Bariatric surgery: the humble beginnings.

I've been wanting to talk about my process with bariatric surgery here-- the whys, wherefores, and hows. So here I go, to get down as much as I can before I have to get back to work (I reserve the right to actually do some personal living amidst all the essay grading, dammit).

How did I decide I wanted this surgery? It was actually a set of events that covered several years.

First off, my friend R. had roux en y gastric bypass. She talked about it a lot on her blog. It was a tough process for her, obviously, but she had good success with it.
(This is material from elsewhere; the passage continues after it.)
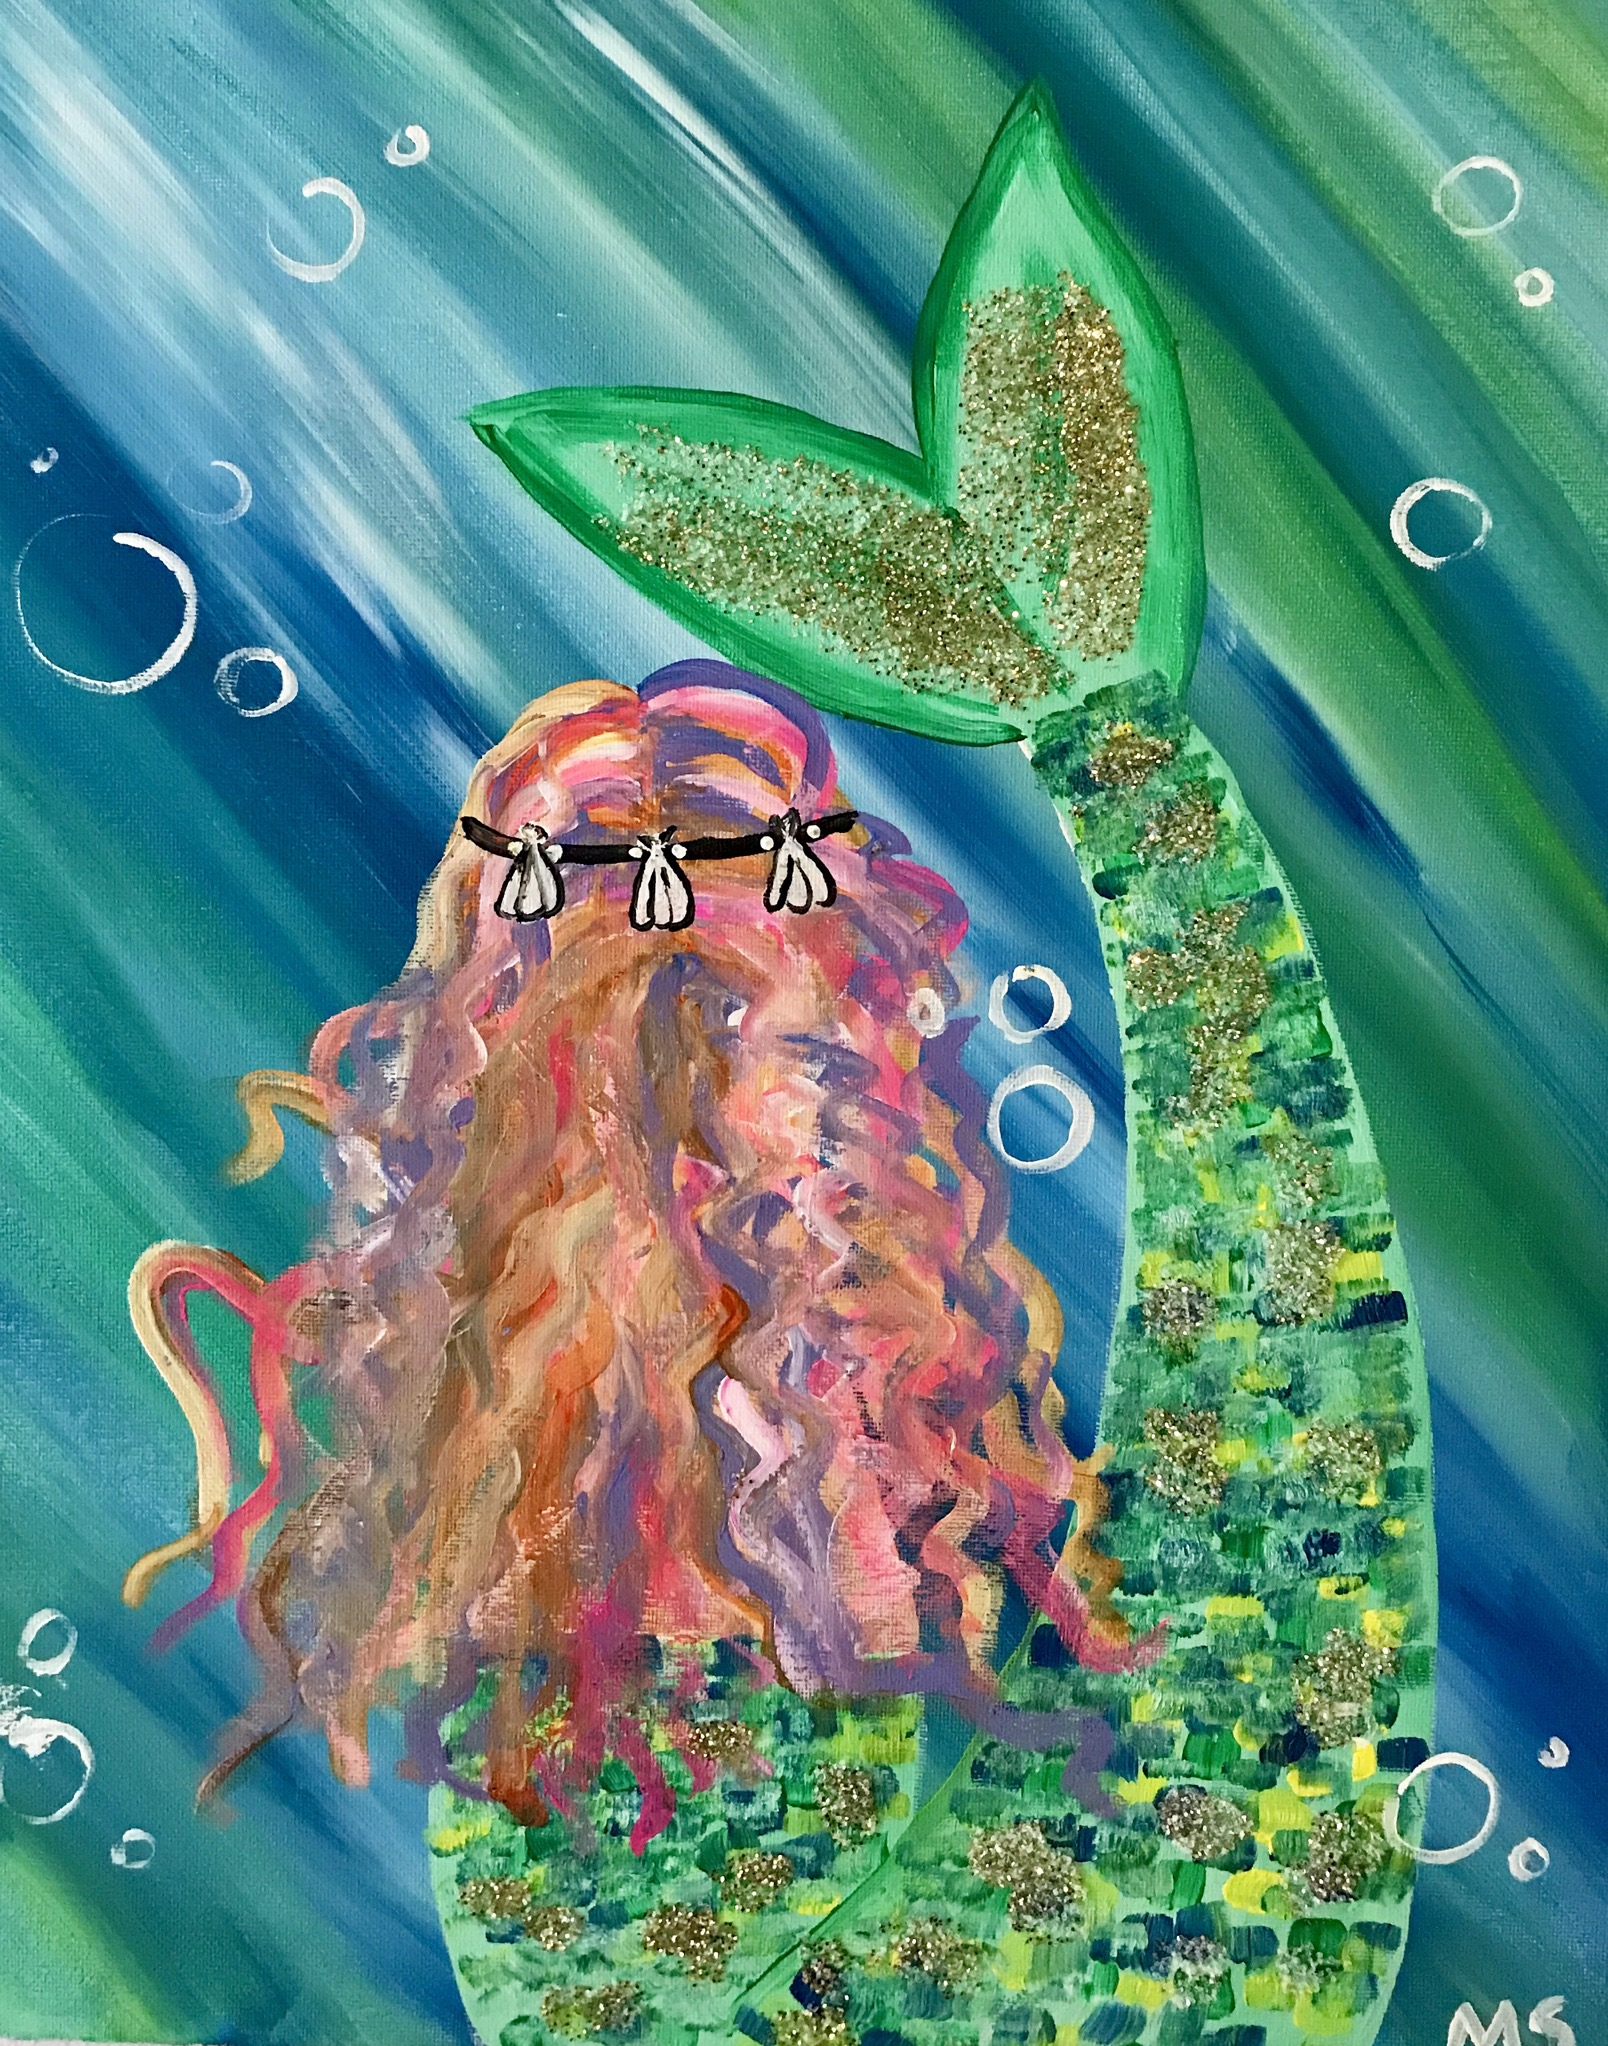 Mermaid- Family Friendly
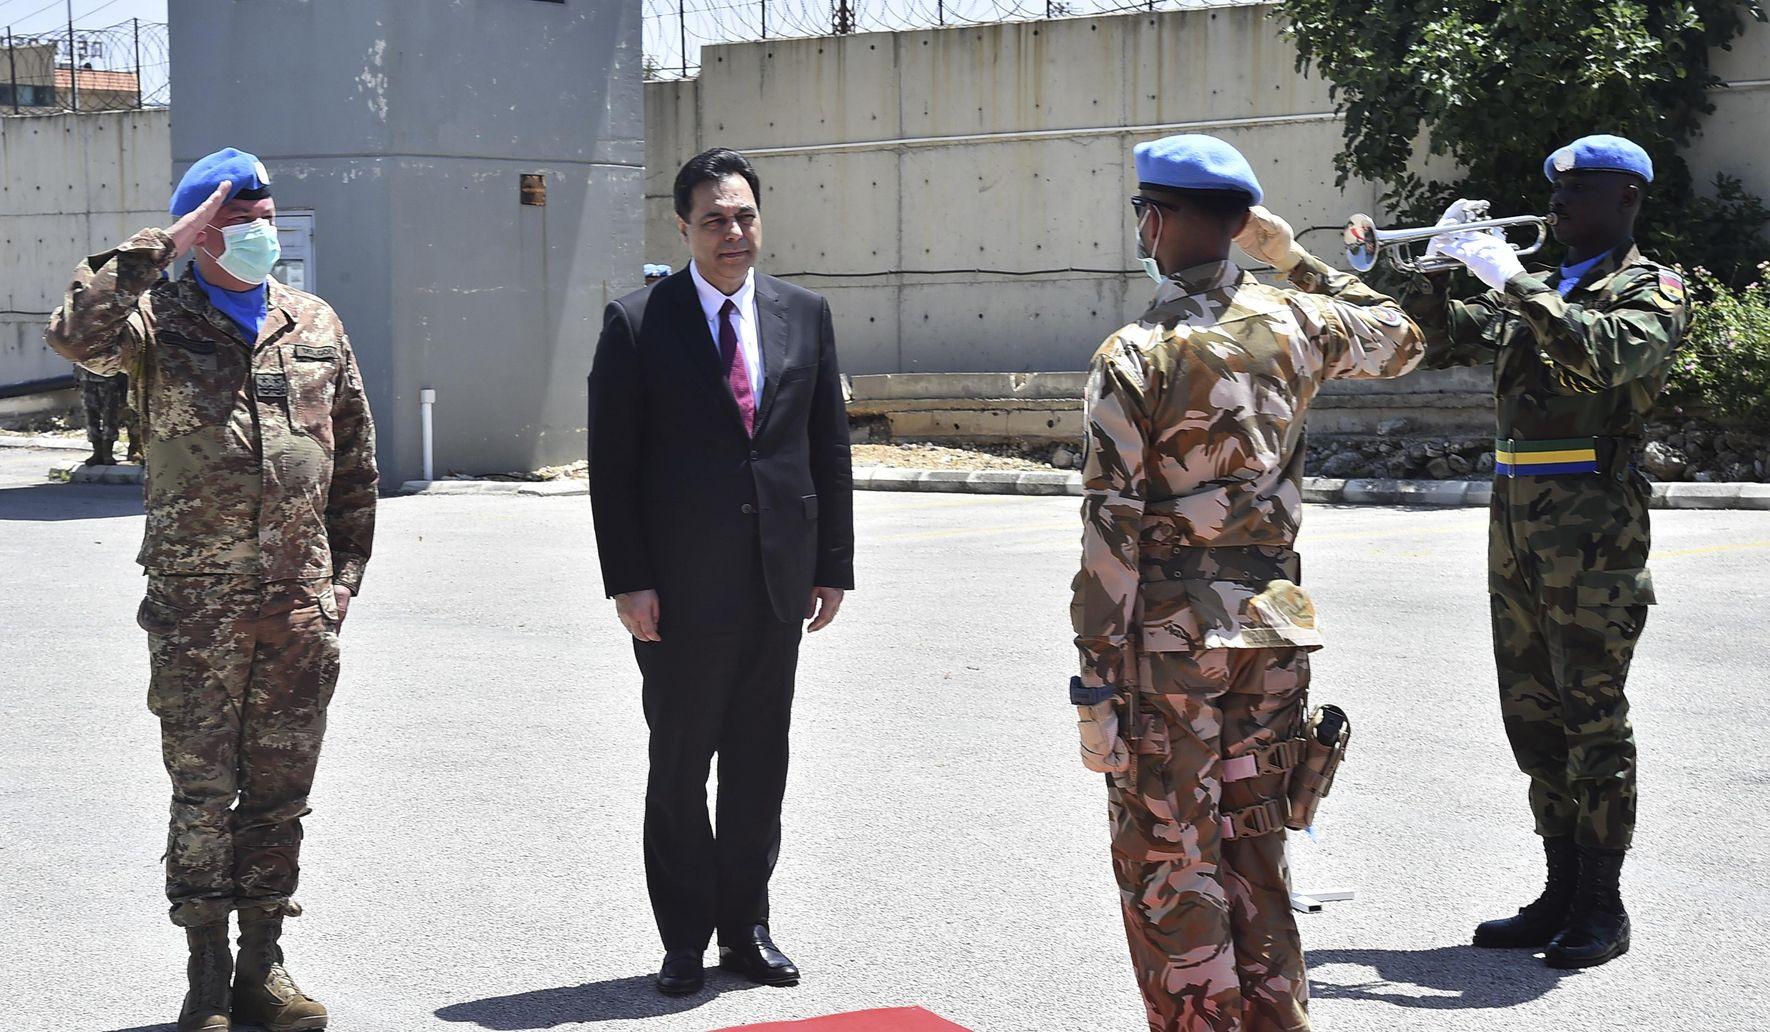 Image of article 'Lebanon extends mandate of UN force along Israel border'

I have never had good success with any form of weight loss, so I was intrigued-- but the horror stories about surgeries gone bad were scary, and roux en y was pretty new, and I was leery. Still, it sat in the back of my mind.

Fast forward a couple of years, to the height of my association with Evil Ex Romantic Interest. From observing his patterns with other people close to him over several years, I knew my weight was likely the only "big thing" (bad joke, right) keeping him from trying out a relationship with me, and despite all that careful observation I had not yet allowed myself to realize what a disaster that kind of relationship with him would have been; I thought I had it in me to make ours end differently if he'd just give it a try. With this kind of faulty thinking buoying me to attempt desperate measures to get inside his britches, I formed the idea that I would go ahead and get the surgery if my current diet didn't work.

Within a couple of months, though, this fellow had changed from handsome prince to evil ex, and as a result of that and ongoing job/life woes, I went into a major clinical depression. Weight loss surgery got put on the back burner again, and I gained a LOT. :P Antidepressants will do that to ya. My pre-existing PCOS, hypothyroid, and fatty liver conditions will, too. Put them all together and you wind up with about three good-sized human beings walking around on one set of very unhappy feet.

After about two years of recovery from my severance of relations with the evil ex, I learned one of my friends, K., had undergone gastric sleeve surgery. She had really good results and recommended it highly; I could see how much better she felt-- and psychologically, too, not just physically. She was a different person, and a much happier one. Definitely food for thought, because frankly, from where I am now, I can see the end of the road coming fast, and it involves a lot of misery, culminating very prematurely in a size 4X coffin and some very unhappy pallbearers.

Then I came in to work one day and my co-worker M. was in the hall. I hadn't seen M. out from behind her desk for a long time and was flabbergasted to see only about 1/2 as much of her as I'd expected. "What are you doing? I need to be doing it too!" I said, and she referred me to the local city hospital's weight management center.

Thus started the long road I've only gone a few steps down, so far.

Right now I tend to think of bariatric surgery as a sort of "magic bullet." That's when a cop gets wounded in a way that puts him on easy street; he winds up not having to fight crime on the street anymore, and he can draw hefty disability payments and do more or less whatever he wants, if he's able-- but wow, there's a lot of serious nastiness you have to go through to get there, and a considerable amount of crap you endure as side effects for the rest of your life. So yeah. I know there's going to be a lot of unpleasantness, but when it all settles out, things will (I hope) be a hell of a lot nicer than they are now, in ways that really matter.